The main difficulty of his cancer journey, to Dan, is coming to terms with the change it’s created in his family members’ lives. “I can’t thank them enough. I don’t have the words to fully express that and what they’ve been doing and how they’ve treated me and taken care of me. They’ve given me so much more than I can give back,” he says. The sentiment rebounds with all of the family members. “His kids love him, no matter what,” Danella says. “He’s worried about what he’s done in his life, and we don’t care. We just love him.” Deanna echoes, “No matter what.”

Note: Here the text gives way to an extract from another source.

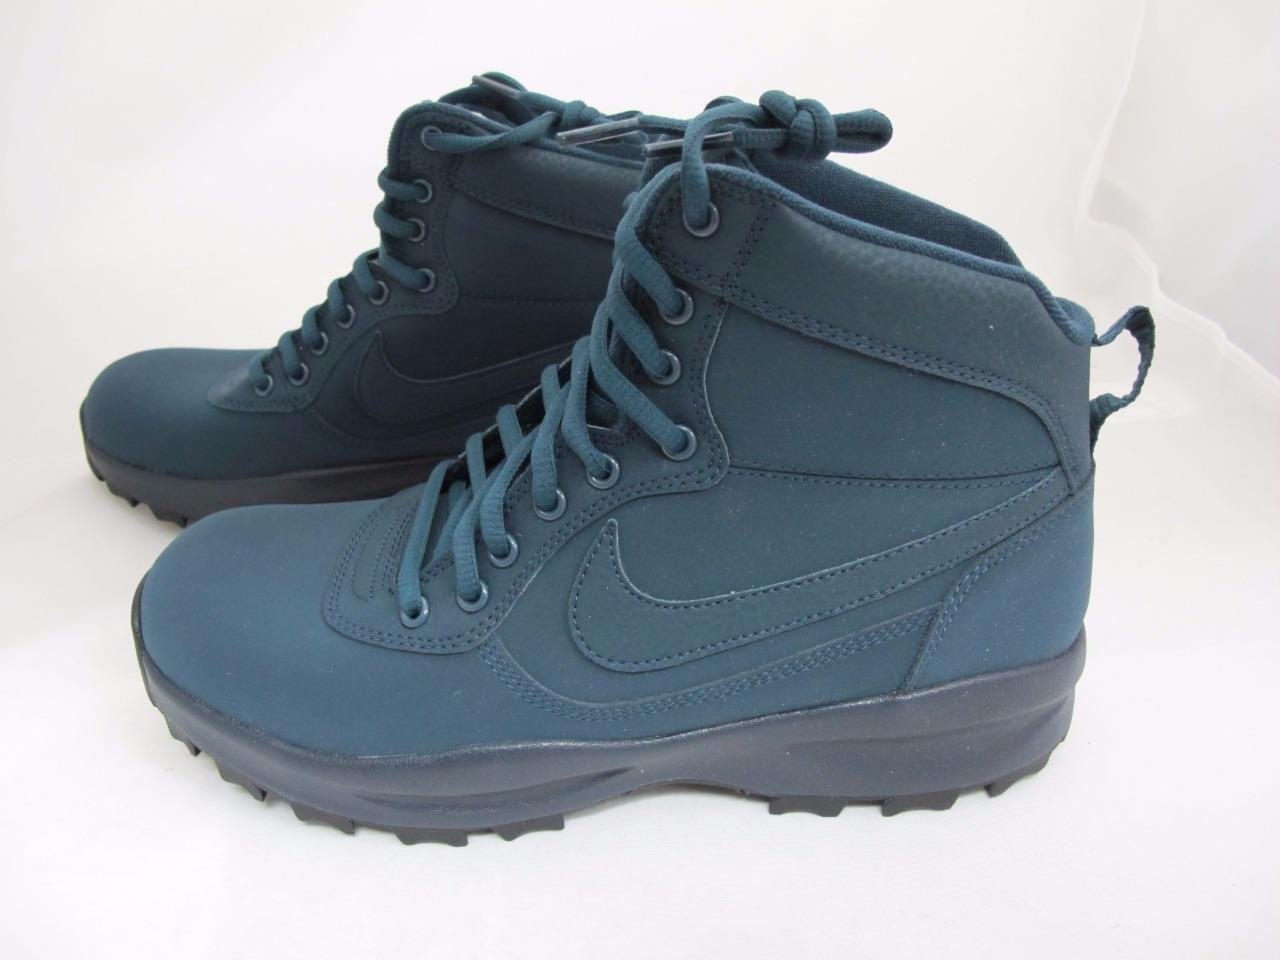 Nuevo Para Hombre Nike Nike Hombre manoadome 844358-401 78c468

Dan’s advice to someone who has recently received a cancer diagnosis is to contemplate it for a second. “You’re going to have to really sit back and really think about it, because it’s going to be a journey for you and everybody around you. You can either be an influence or break down over it all.” Dan would encourage anybody who is starting a journey of cancer treatment to circle the wagons and surround themselves with friends and family. He knows that’s what has gotten him this far and kept him going this long. “The Lord Jesus Christ keeps me motivated every day, as well as seeing family and friends every day. When it comes down to those last hours, I’ll probably be in that room, and I’ll probably be still visiting with the people that come by.” And that’s exactly how Dan wants it.